Real Estate Law is a multi-faceted area of practice. The transactional practice of real estate encompasses residential and commercial sales and purchases, leases, development, and financing. A real estate attorney may encounter issues related to land use planning and zoning, environmental law, and joint ventures. Those interested in litigation may represent clients in matters such as foreclosures and construction liens
There are a number of courses devoted to subjects within the broad area of Real Estate Law as well courses to help you prepare to take the bar examination. Students who want to pursue legal practice in this area should consider the courses below. Other courses, besides those listed below, are offered under the FIU College of Law curriculum.
Please view the Schedule of Classes to determine which courses will be offered during the current school year.
Foundation Courses related to this pathway include: Contracts and Property Law.
Real Estate Transactions
LAW 6670 Real Estate Transactions (2-3). This course takes an interdisciplinary and practice-oriented approach to real estate transactions, covering land transfers, mortgage law, and selected topics such as usury and mechanics’ liens. Students will study selected tax, environmental and federal securities laws issues in the context of real estate transactions.
LAW 6425 Construction Law (2-3). This course will consider legal issues encountered in construction projects, beginning with the role of the construction lawyer and review of duties and liabilities of the construction team – Architect, Engineer, Owner, Contractor, Construction Manager. The course includes discussion of the bidding process (including bid protest and bid awards), the contracting process with emphasis on key contract provisions, contract performance issues, litigation liability and damage issues, and bonding issues.
LAW 6471 Environmental Law (3). This is a survey of environmental regulation, addressing the environmental policies, rights, and remedies provided by the common law and various federal statutes. The course focuses on the National Environmental Policy Act, the Clean Air Act, the Comprehensive Environmental Response, Compensation and Liability Act, and various other statutes and common law doctrines related to hazardous wastes and toxic substances. Throughout the course, students will be asked to pay attention to the regulatory and administrative structures invoked by these statutes and doctrines.

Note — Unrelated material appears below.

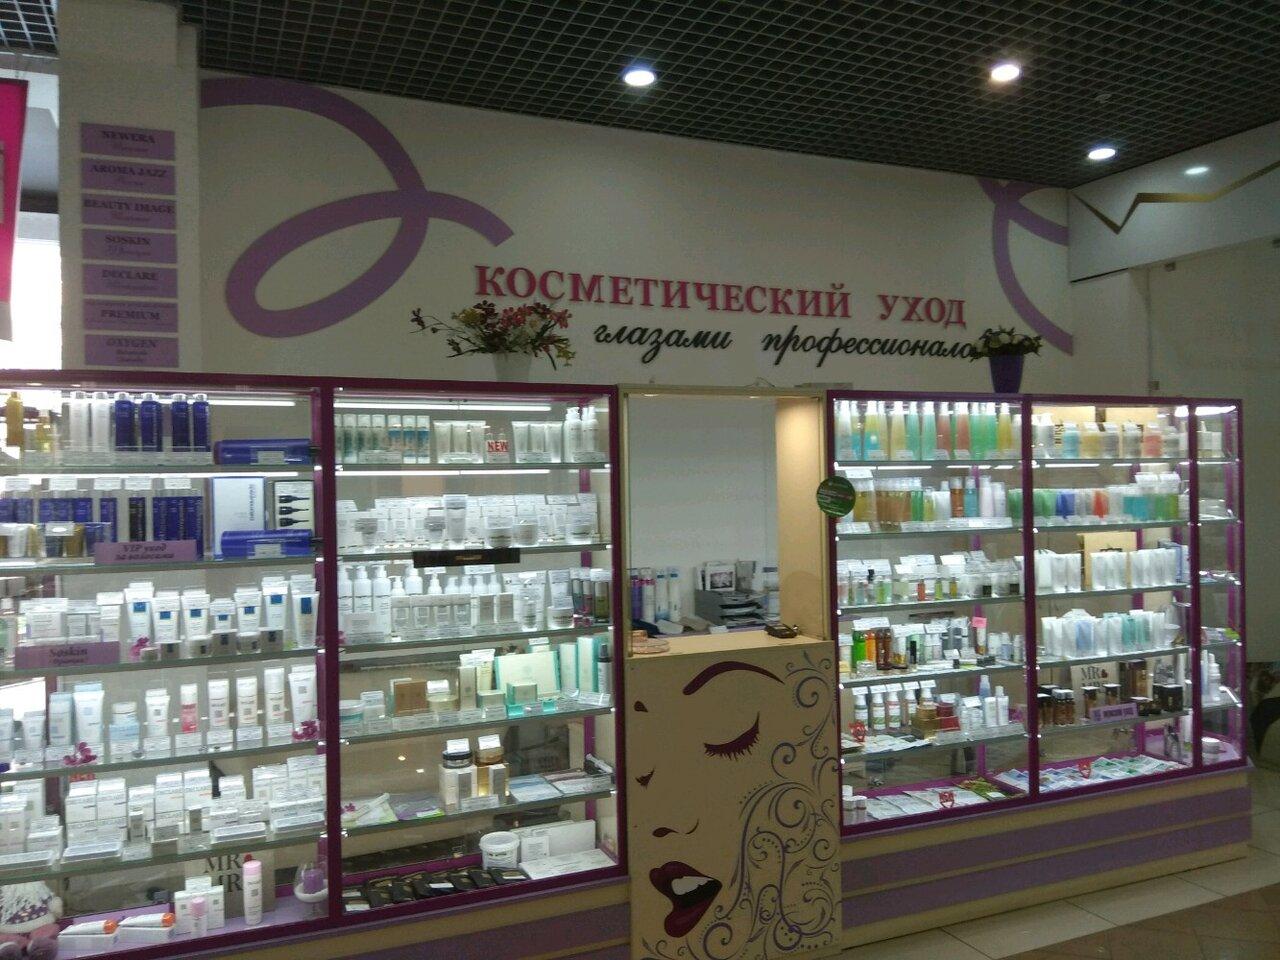 Профессиональная косметика рязань где купить colourpop косметика купить москва
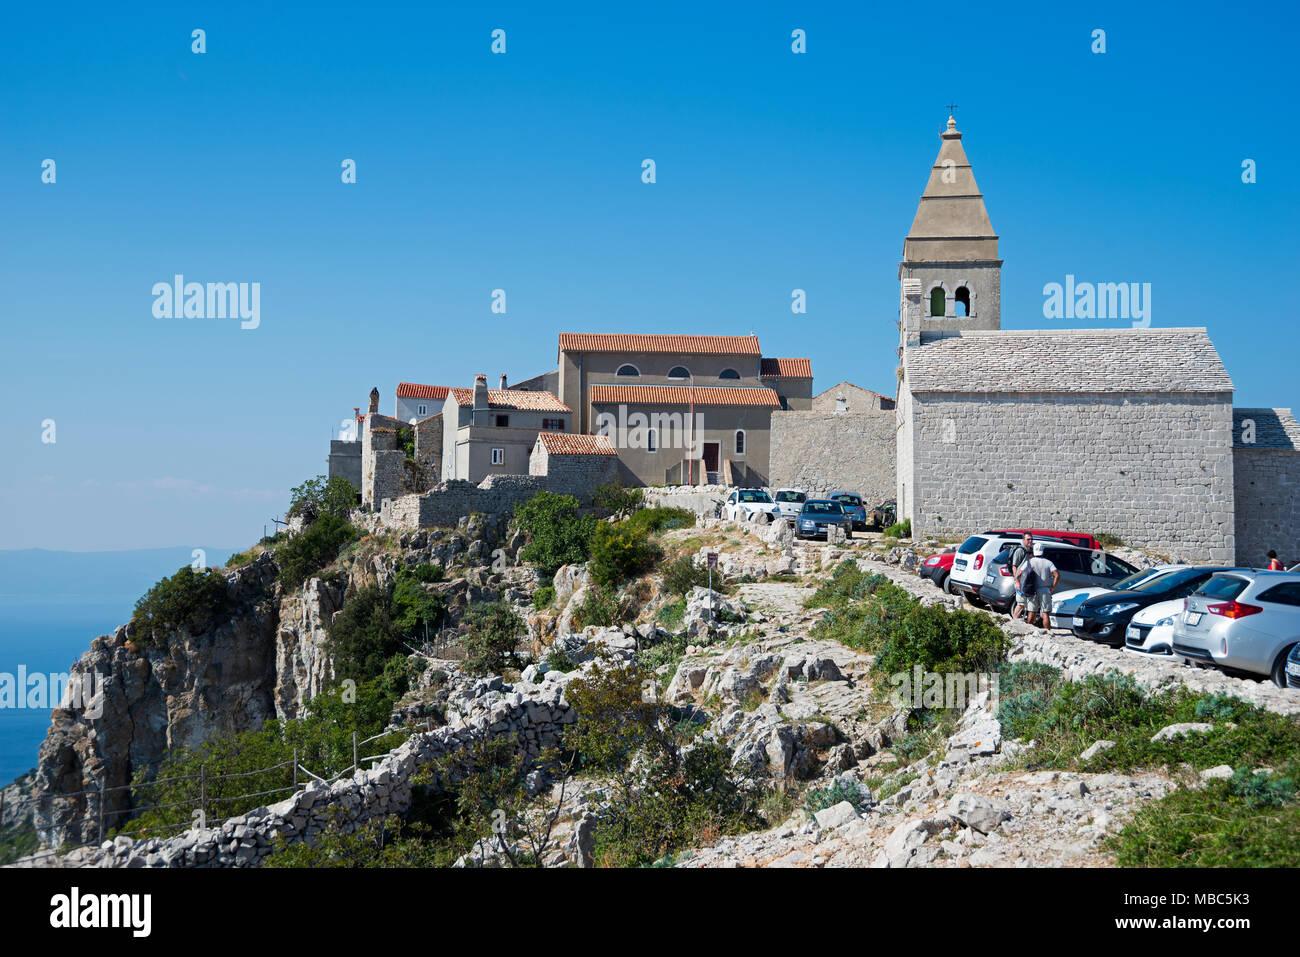 Iglesia parroquial de la santísima Virgen María, Lubenice, Isla de Cres, Golfo de Kvarner Bay, Croacia Imagen De Stock

Land Use Planning and Control
LAW 6460 Land Use Planning and Control (2-3). Since the 1920s, our society has regulated urban and rural uses of land in an attempt to encourage the prudent allocation of land resources, thus this course undertakes an intensive analysis of the traditional regulatory techniques, including general and specific planning, zoning, and subdivision mapping, and relates them to the practical and political aspects of the land use entitlement process and to resolve conflicting use preferences.
Ocean and Coastal Law
LAW 7475 Ocean and Coastal Law (2-3). This course considers aspects of land use law, water law, natural resources law, property law, and constitutional law from the perspective of the special needs of the coast. The course examines the common law and major acts protecting coastal zones and natural resources, and includes discussion of the important interrelations of water, habitat, wildlife, and land use, as well as issues concerning jurisdictional conflicts.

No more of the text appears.